§ PROBLEM DESCRIPTION: Beneath this line are the data; copy exactly the part of them that opens with the line containing "25 Best Ideas" and closes with the line containing "Retrouvaí Lollipop small", and only that part.

§ GIVEN RECORDS:
------------------------------

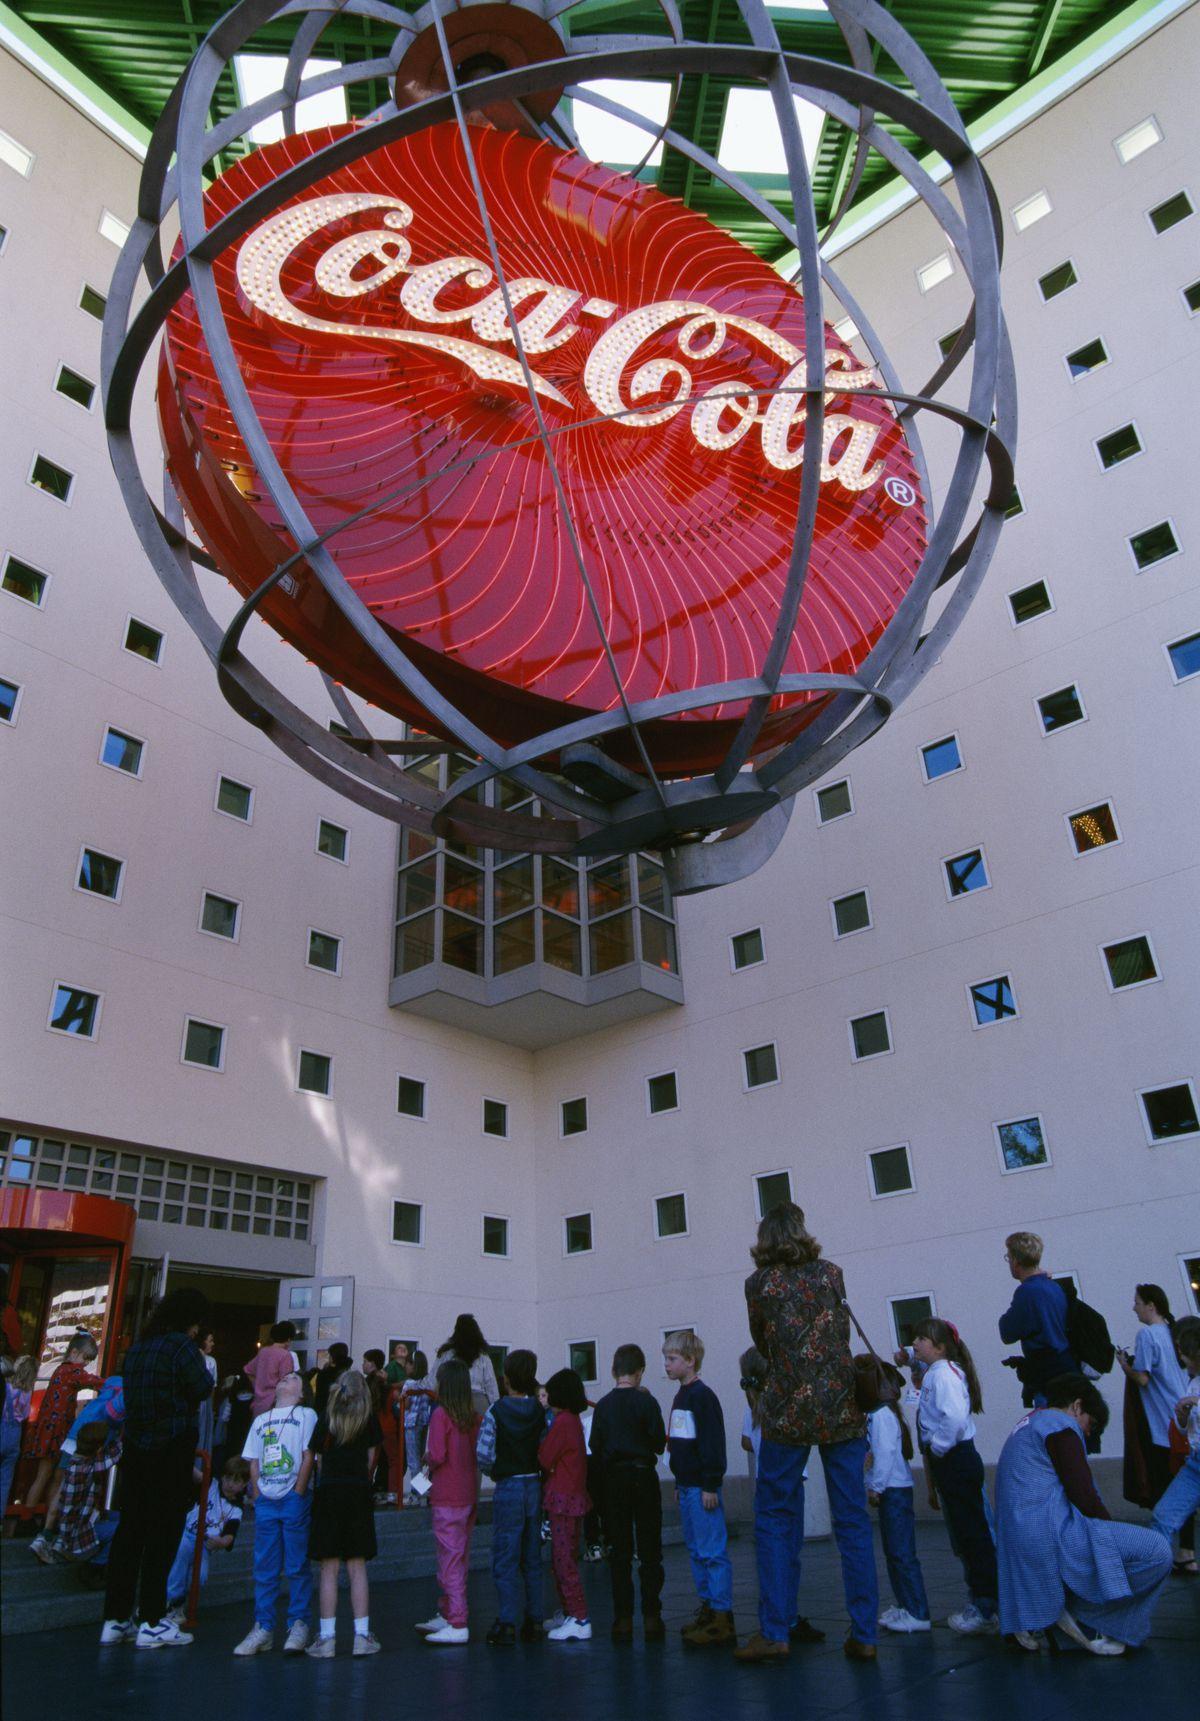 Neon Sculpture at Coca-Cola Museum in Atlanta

------------------------------

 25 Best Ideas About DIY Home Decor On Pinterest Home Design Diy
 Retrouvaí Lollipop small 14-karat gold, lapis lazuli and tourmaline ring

------------------------------

§ RESPONSE AREA:
 25 Best Ideas About DIY Home Decor On Pinterest Home Design Diy
 Retrouvaí Lollipop small 14-karat gold, lapis lazuli and tourmaline ring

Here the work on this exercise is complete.